Information provided Block Start

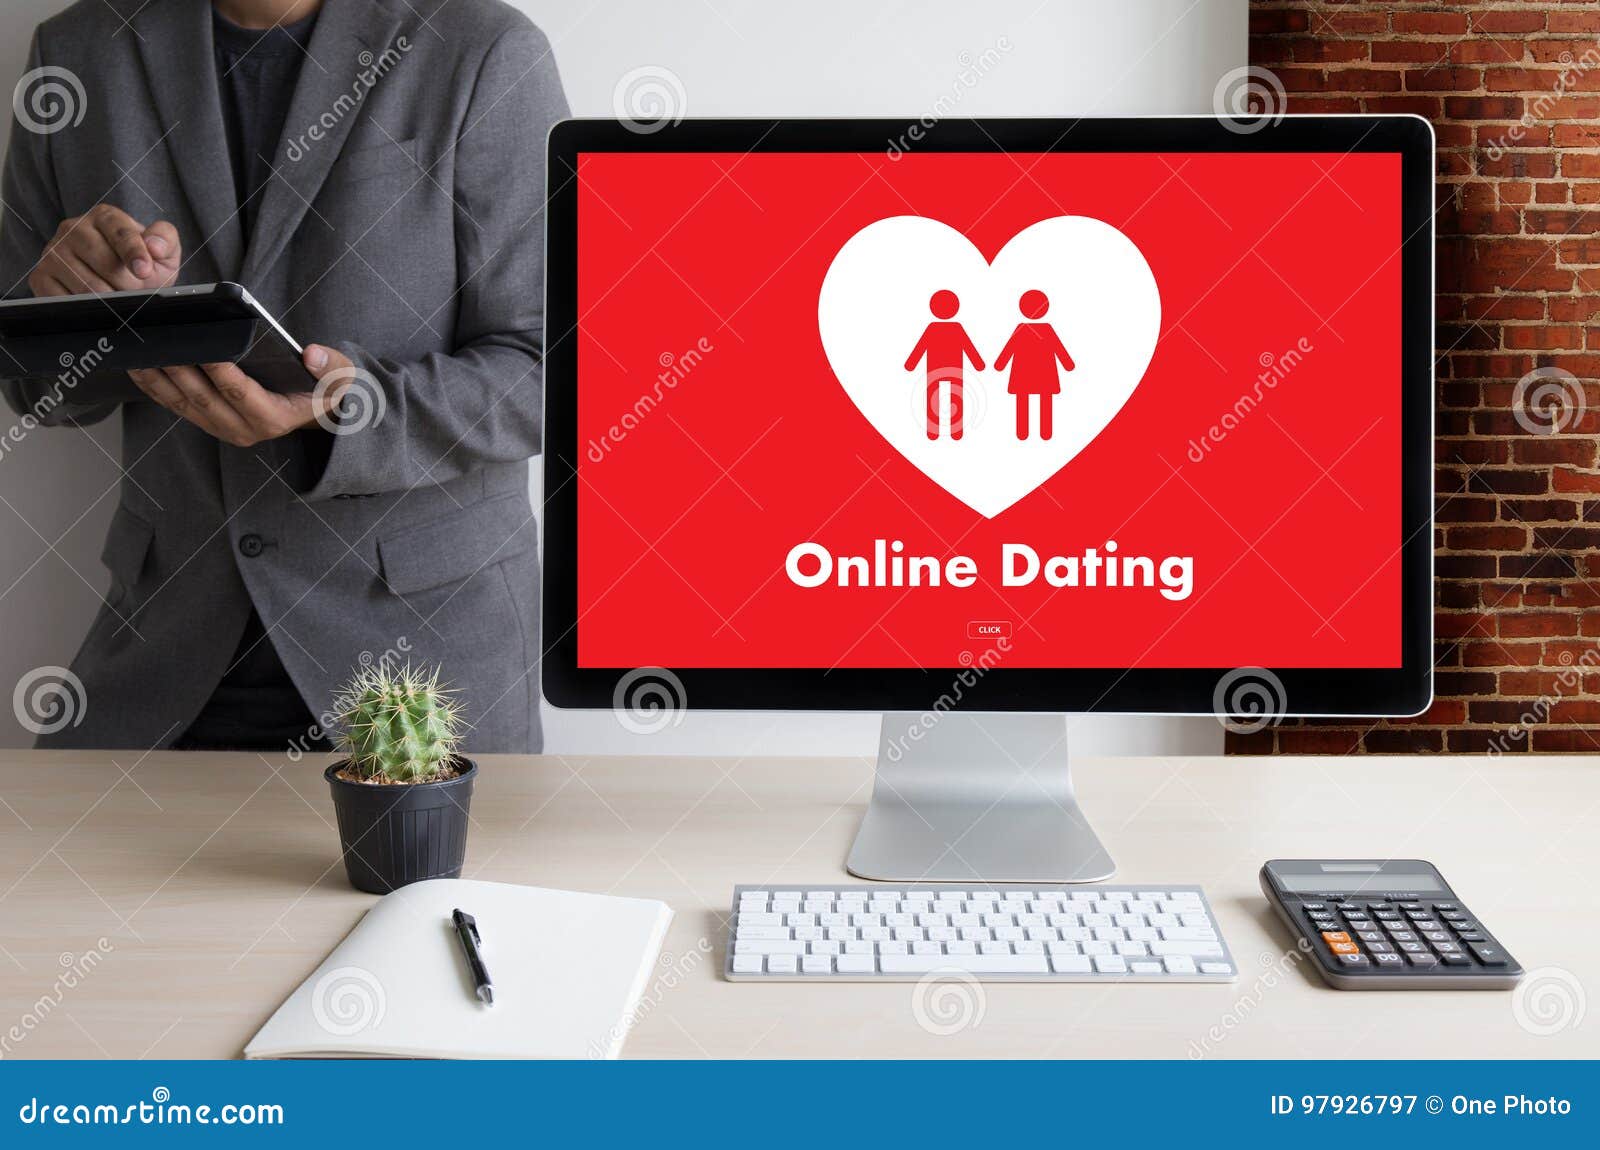 dating online vs matchmaker
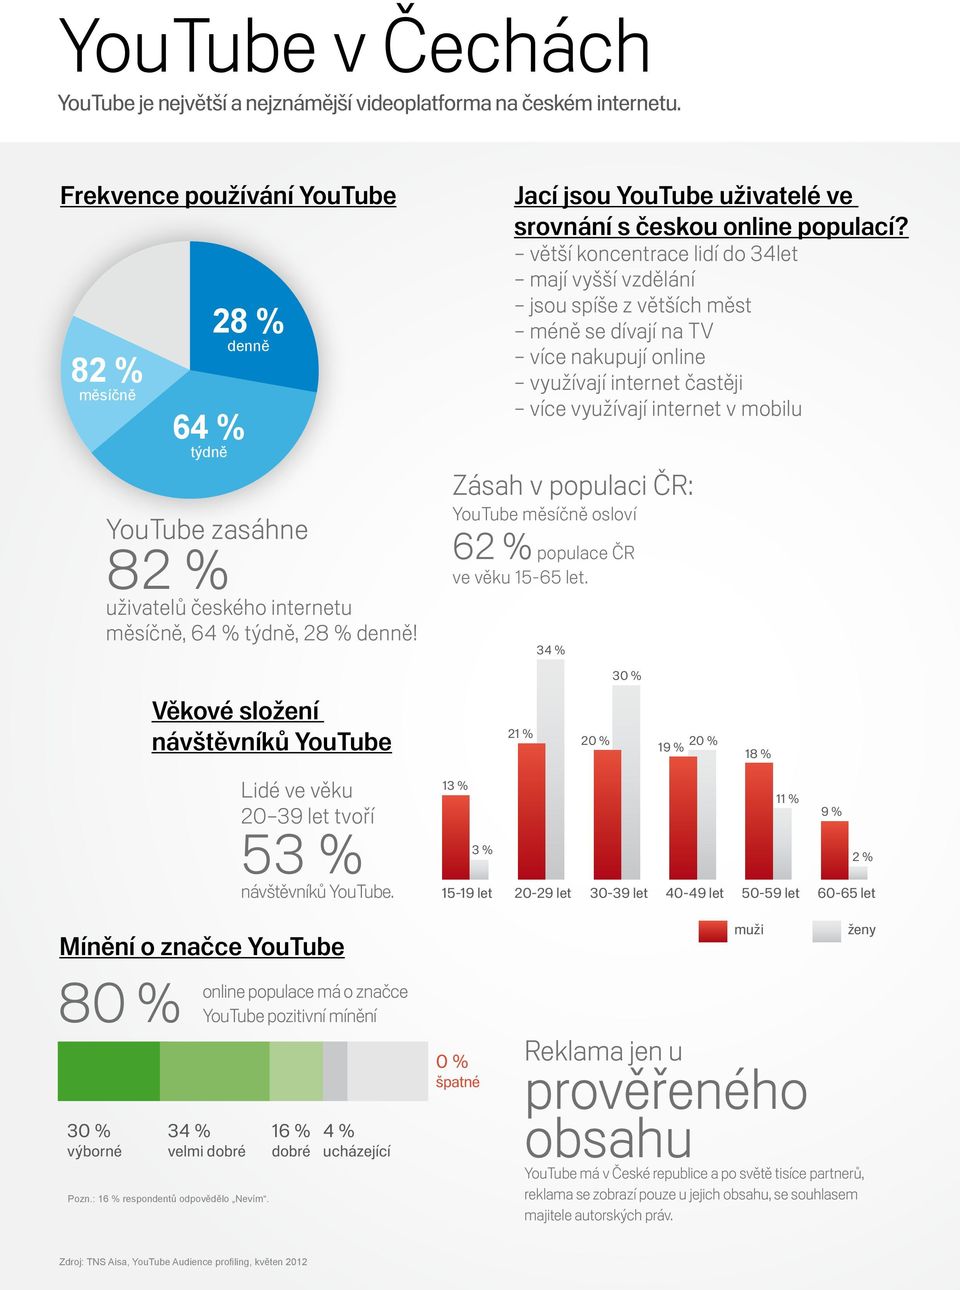 Jací jsou YouTube uživatelé ve srovnání s českou online populací?
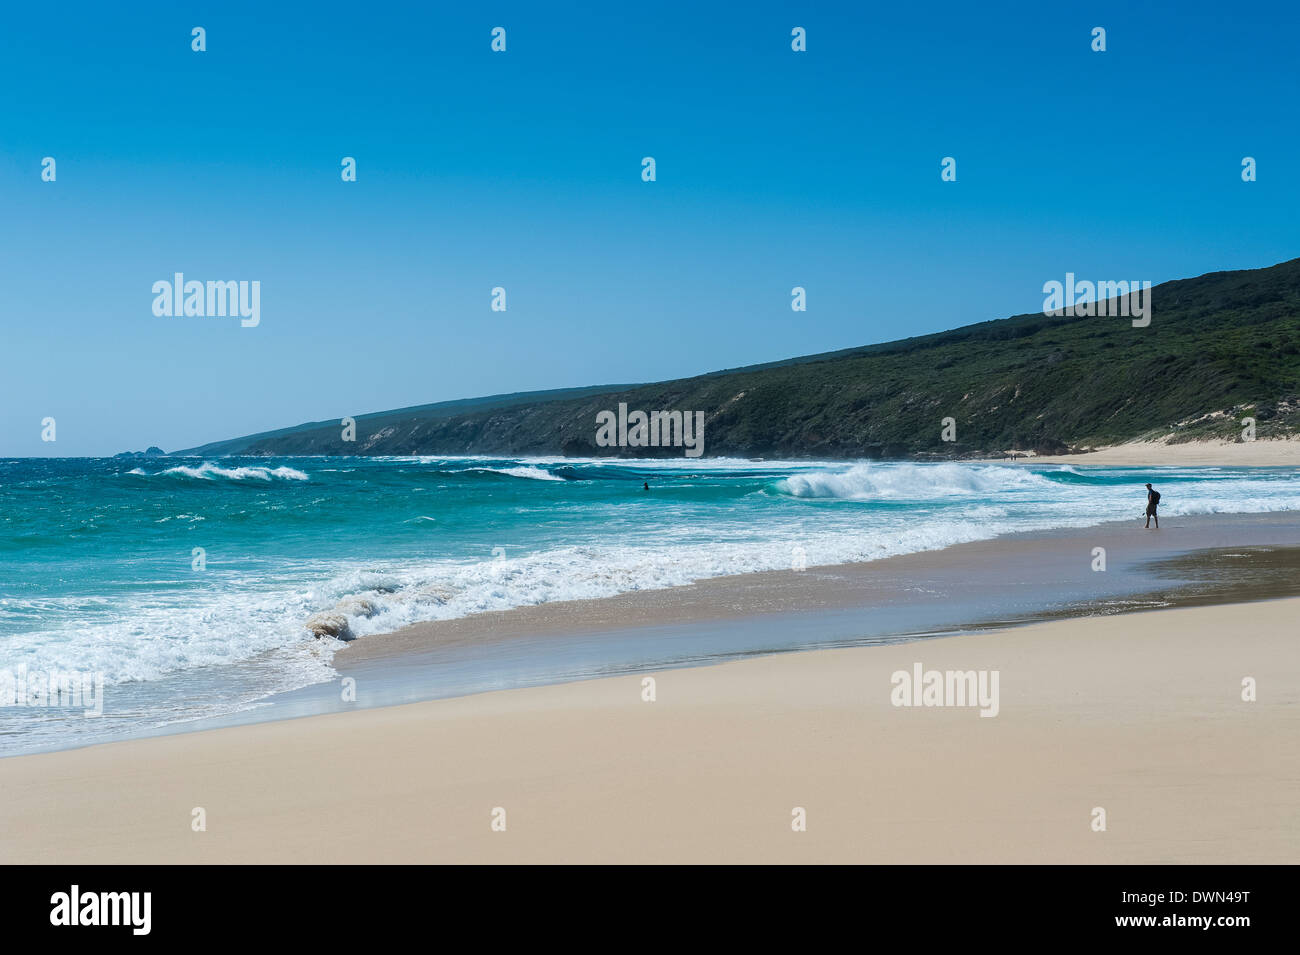 La sabbia bianca e acqua turchese Vicino Fiume Margaret, Australia occidentale, Australia Pacific Foto Stock
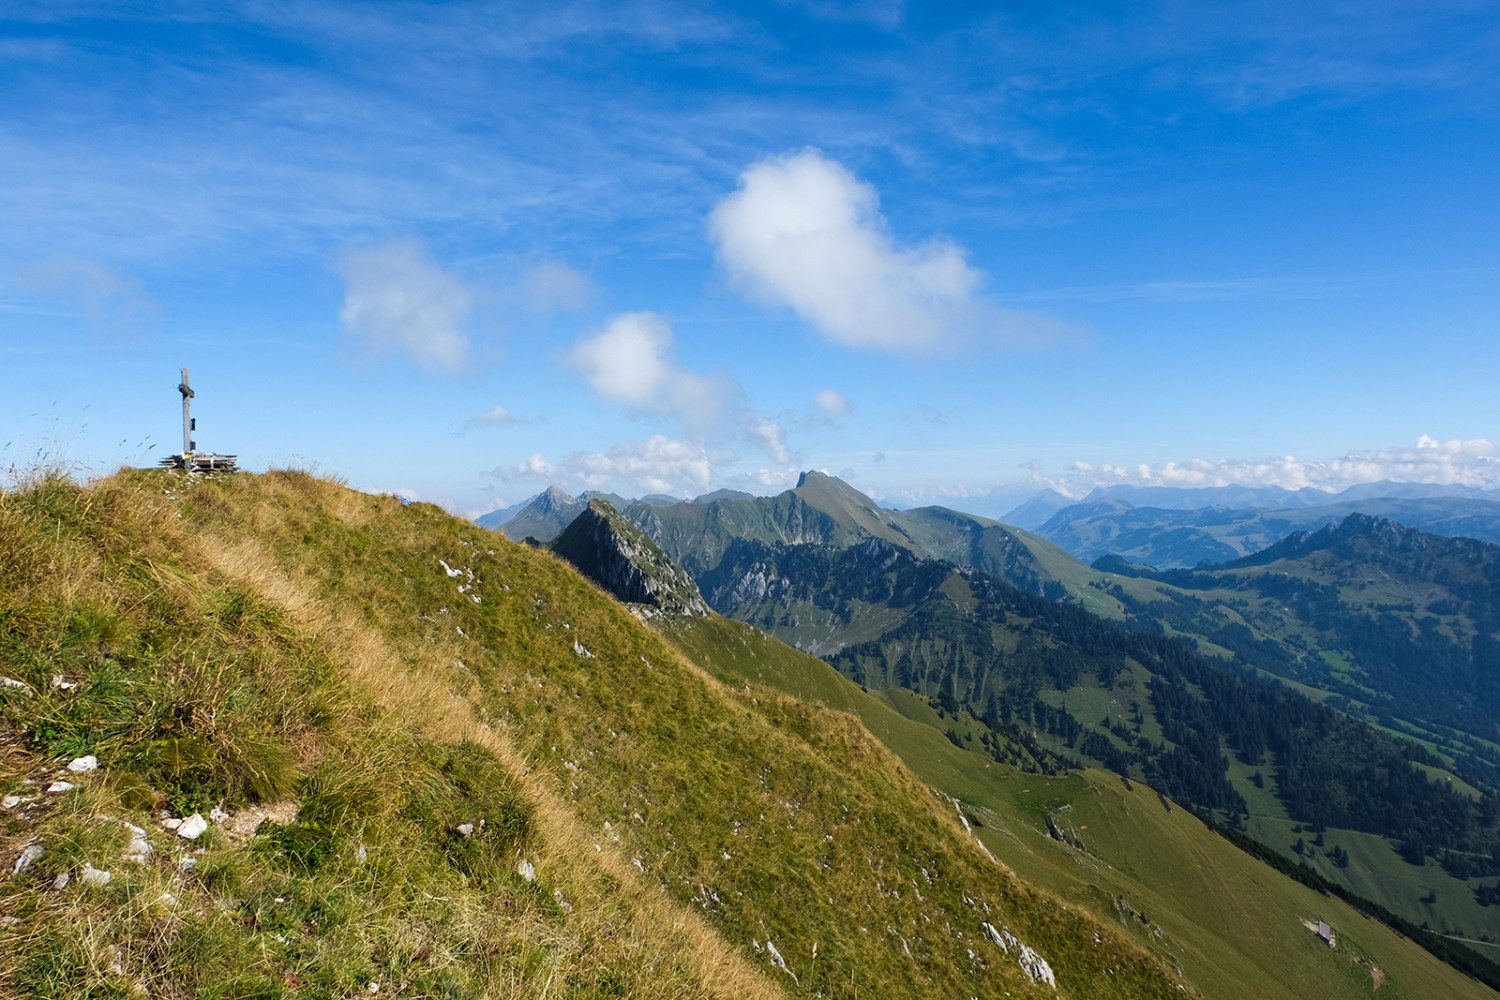 Gipfelkreuz auf dem Schopfenspitz. In der Gamelle befindet sich eine 
Rolle mit dem Panorama der Berge.
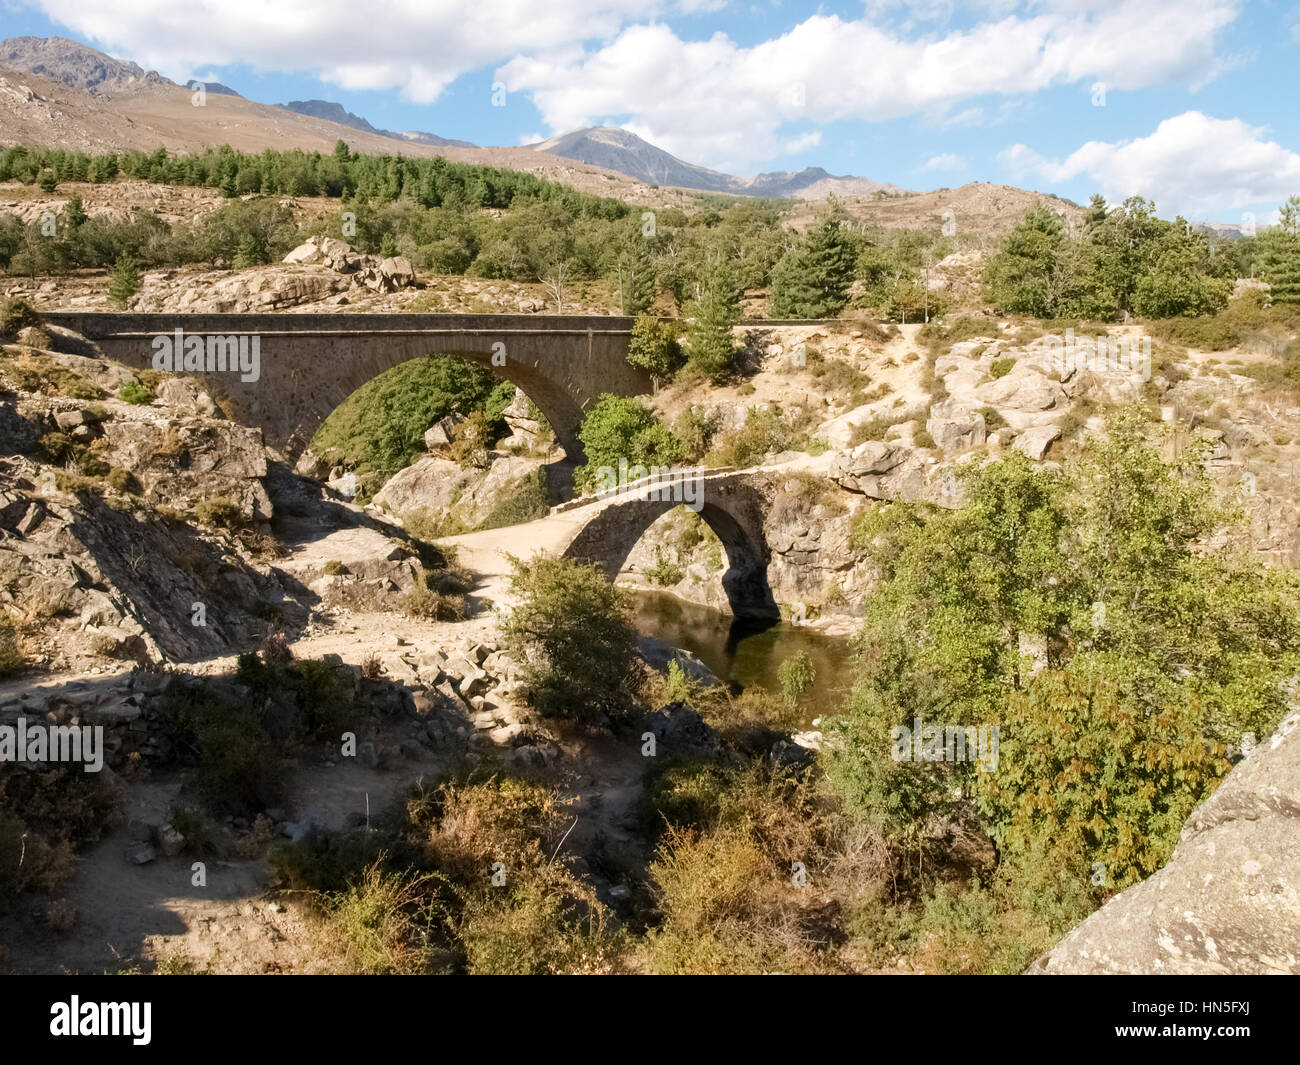 Albertacce Corse, France : Albertacce, vieux pont de pierre Banque D'Images

Information provided Block End

● Exercise details: Beginning with the line where "Rolle mit dem Panorama der Berge." appears, restate word for word every line down to the last one in the data, but keep the pictures out.

● Answer for this exercise:
Rolle mit dem Panorama der Berge.
 Albertacce Corse, France : Albertacce, vieux pont de pierre Banque D'Images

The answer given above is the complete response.